5.7 Vergoeding toezichtkosten

Een respondent stelt een vraag over de hoogte van de vergoeding voor de toezichtkosten van de RDI voor de 3,5 GHz-band. Spoedig na de veiling van de 3,5 GHz-band worden de vergunningen verleend. De hoeveelheid te veilen frequentieruimte is in totaal maximaal 300 MHz. Dit kan voor de RDI een toename in de totale opbrengsten van categorie I.A.5 betekenen, terwijl de werkzaamheden niet in dezelfde verhouding toenemen.

Deze vraag heeft geleid tot een wijziging van de Regeling vergoedingen Rijksinspectie Digitale Infrastructuur 2024 door middel van de veilingregeling.

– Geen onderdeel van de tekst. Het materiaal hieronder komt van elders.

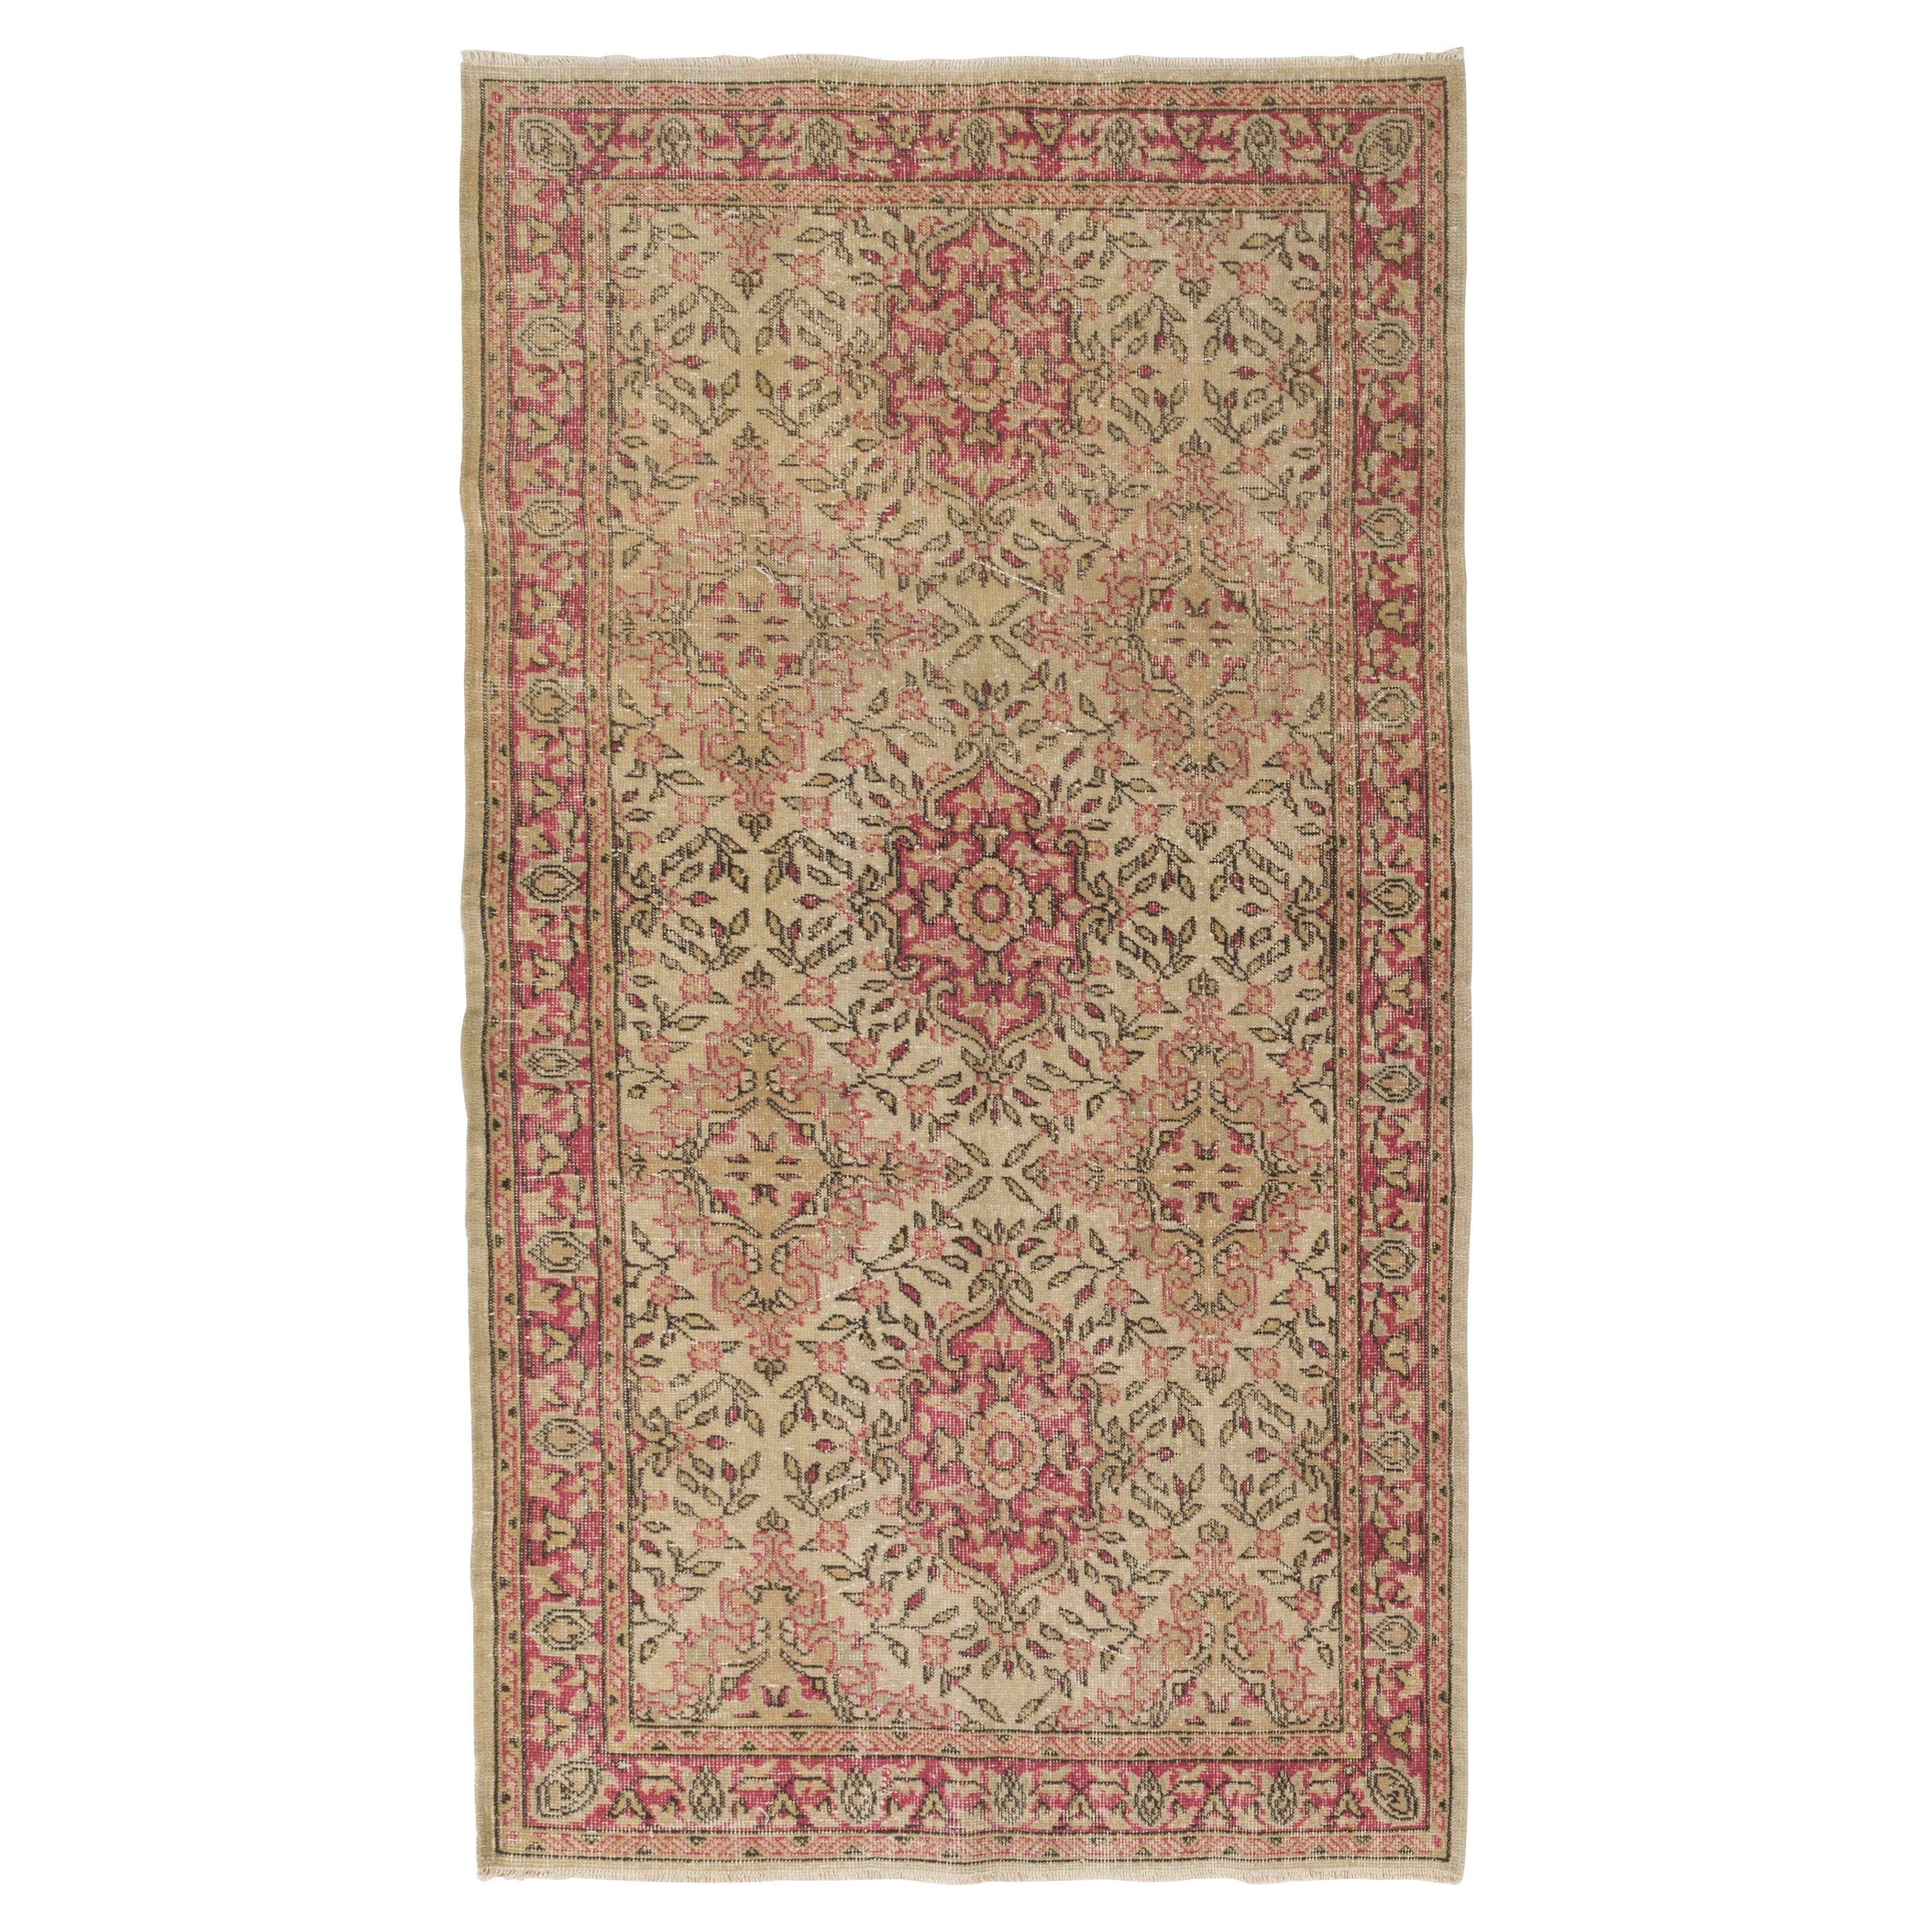 5.3x8.6 Ft Mid-Century Hand-Knotted Turkish Area Rug Vintage Oushak Carpet in Soft Colors Very Good Condition

Hierbij is de jaarlijkse vergoeding in die subcategorie verlaagd.

5.8 Eventuele wijziging indeling 3400 – 3800 MHz band na 2030

Enkele respondenten hebben opmerkingen gemaakt over het voorschrift van artikel 2, derde lid, van de ontwerpvergunningen. In artikel 2, derde lid, van de ontwerpvergunningen was – kort gezegd – bepaald dat vergunninghouders geen recht op compensatie zouden hebben als de Minister na de aangekondigde evaluatie van de bandindeling zou besluiten dat er een zogenoemde ‘schuif naar beneden’ plaats zou moeten vinden. Deze respondenten waren van mening dat dit een onredelijk voorschrift was dat geen plaats zou moeten krijgen in de definitieve vergunningen.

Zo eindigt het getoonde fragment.